> **SUPPLIED MATERIAL**:
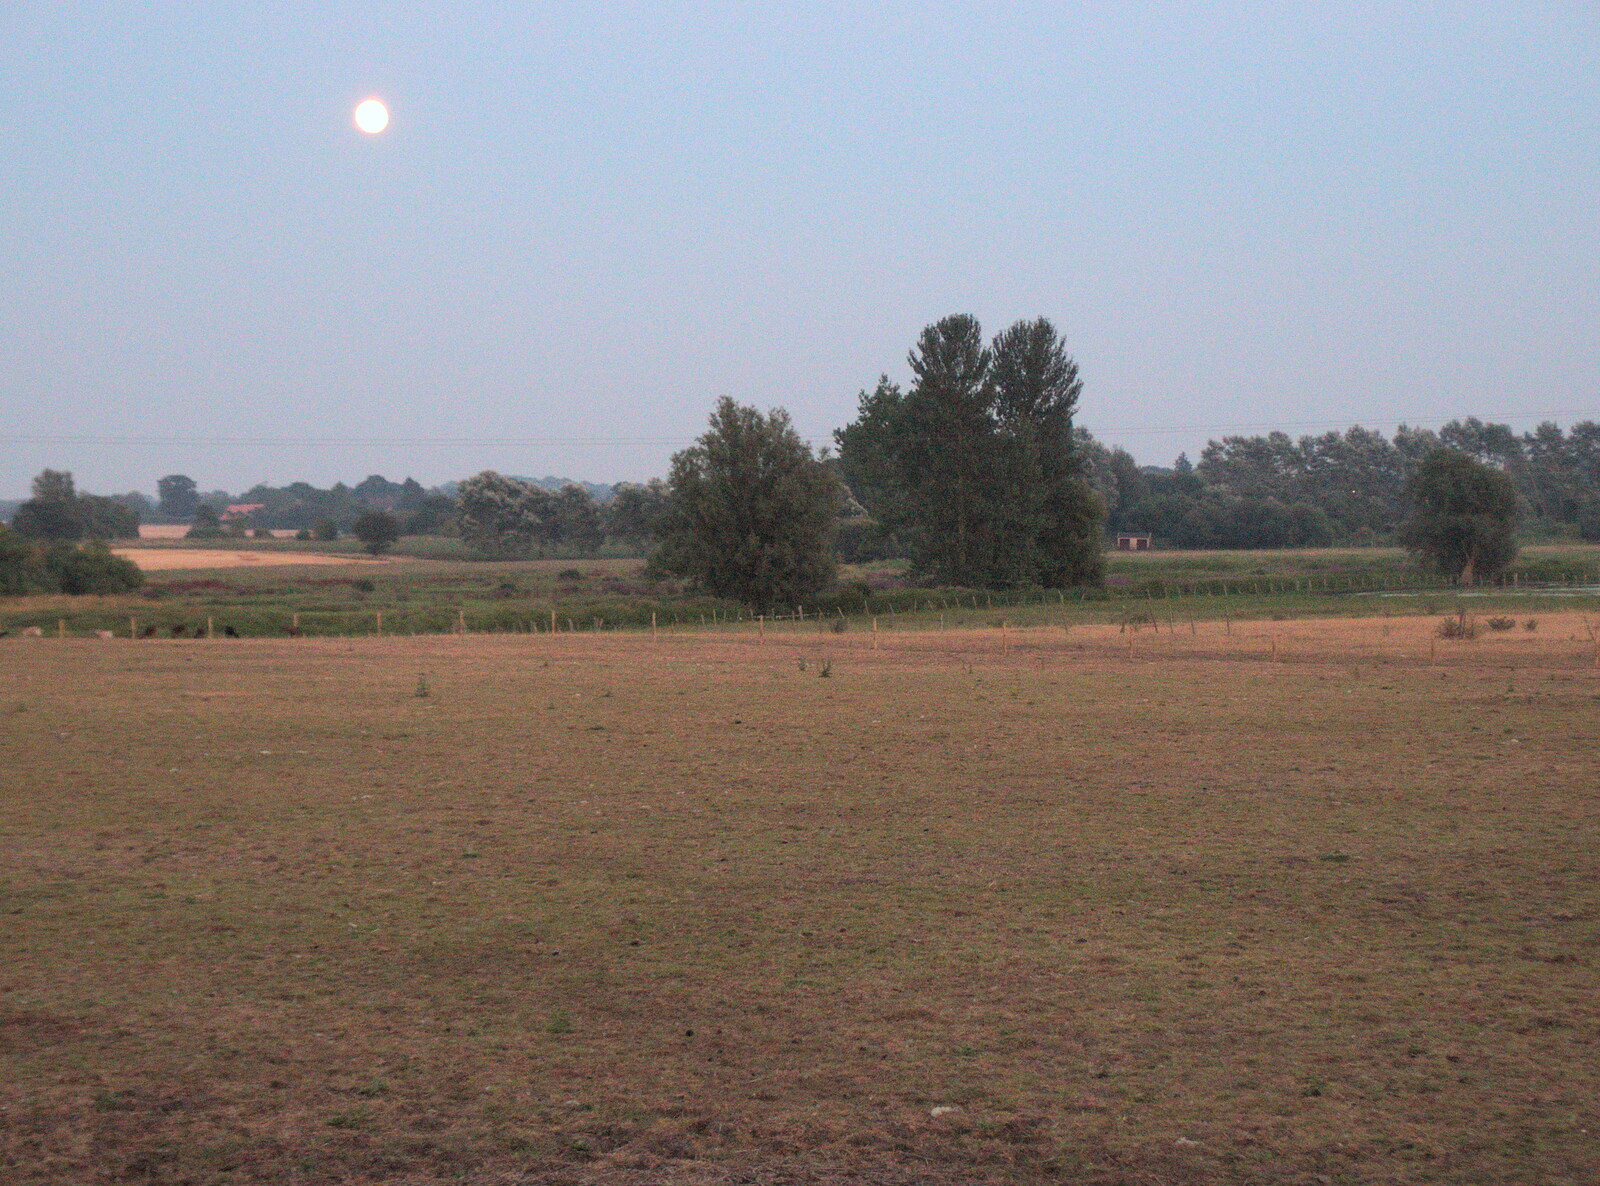 Moonlight over the meadows near Brockdish from The BSCC at The Crown and Hot Summer Days, Diss, Pulham and London - 24th July 2018
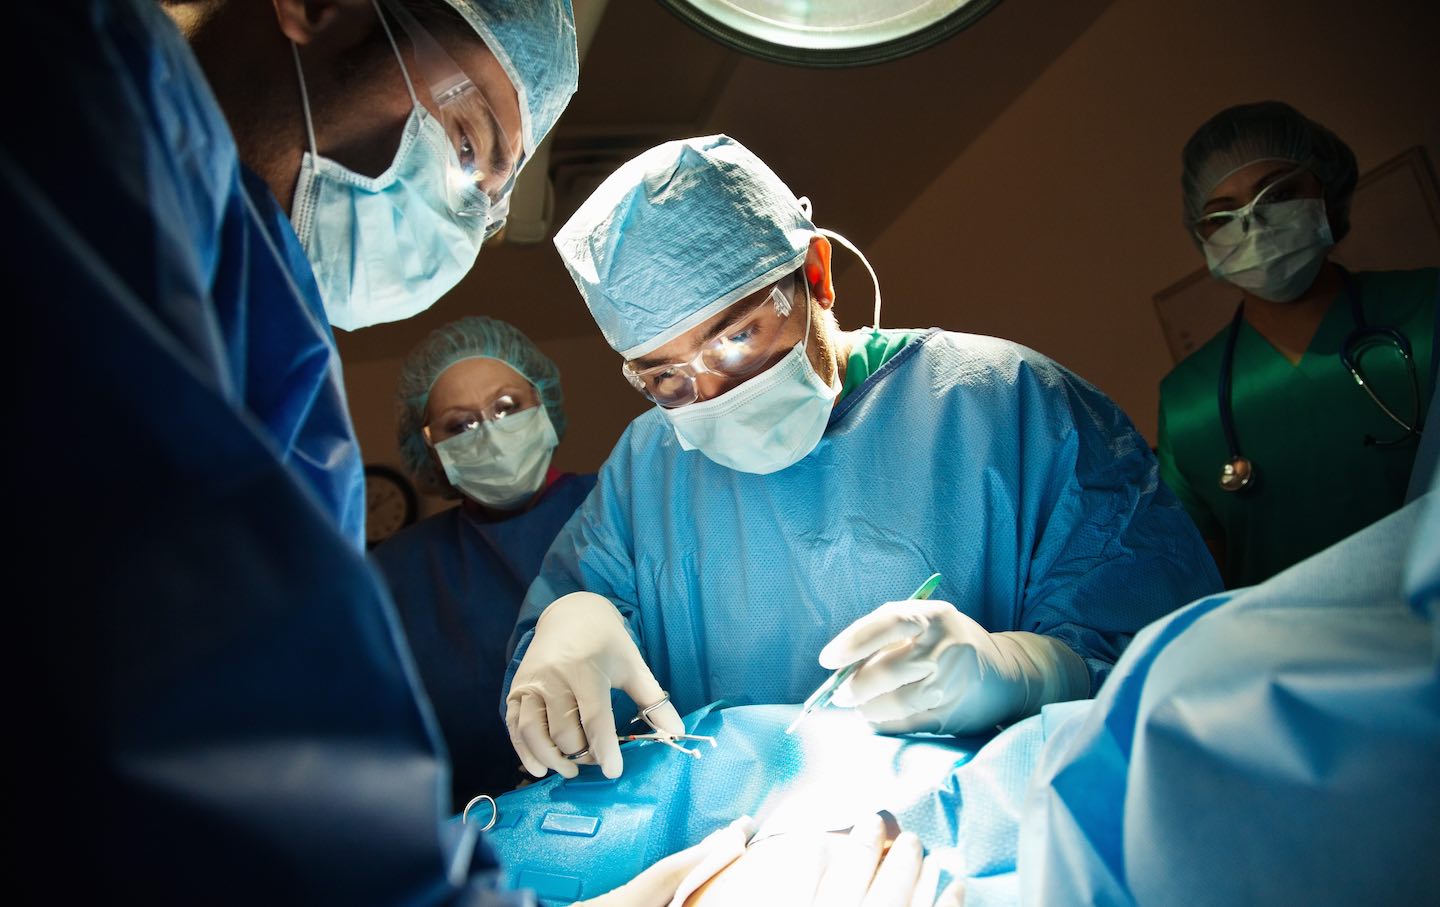 A surgeon performs a C-Section in the operating room
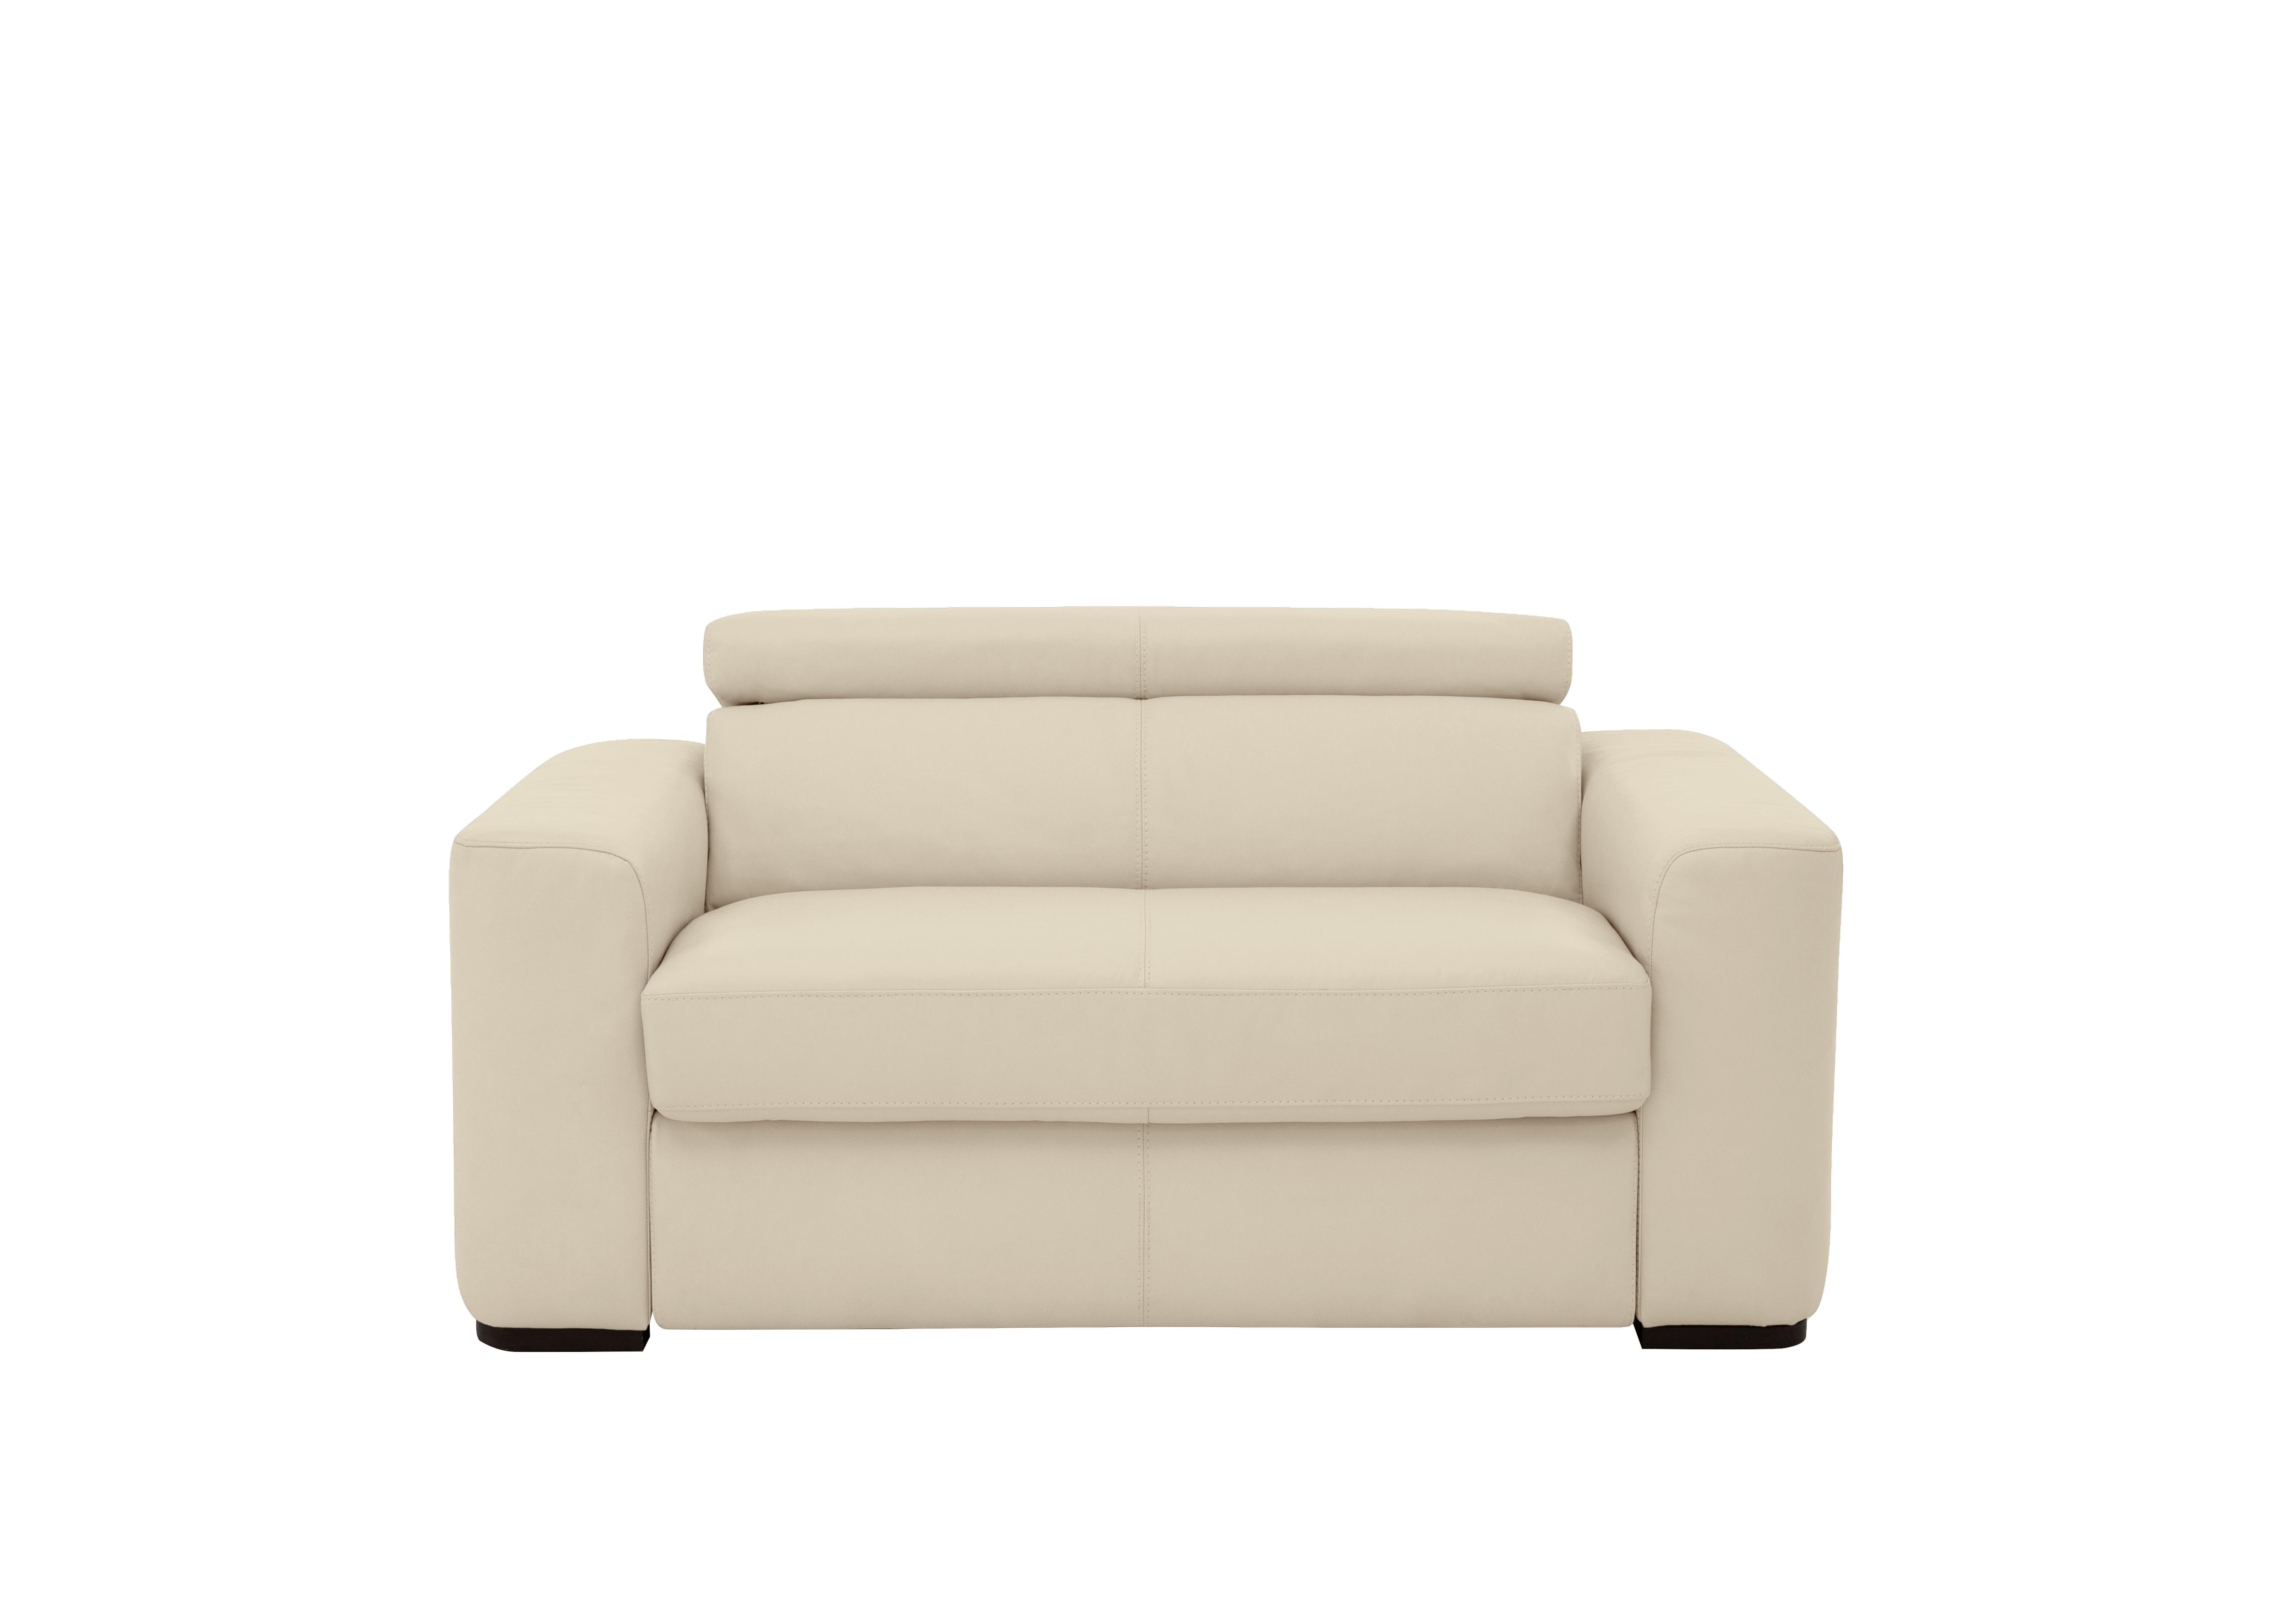 Infinity Leather Chair Sofabed in Bv-862c Bisque on Furniture Village

> **GOAL OF THE EXERCISE**: Your answer should hold only the lines from the one with "A surgeon performs" through the final line of the listing above, transcribed exactly and without pictures.

> **RESPONSE TO THE EXERCISE**:
 A surgeon performs a C-Section in the operating room
 Infinity Leather Chair Sofabed in Bv-862c Bisque on Furniture Village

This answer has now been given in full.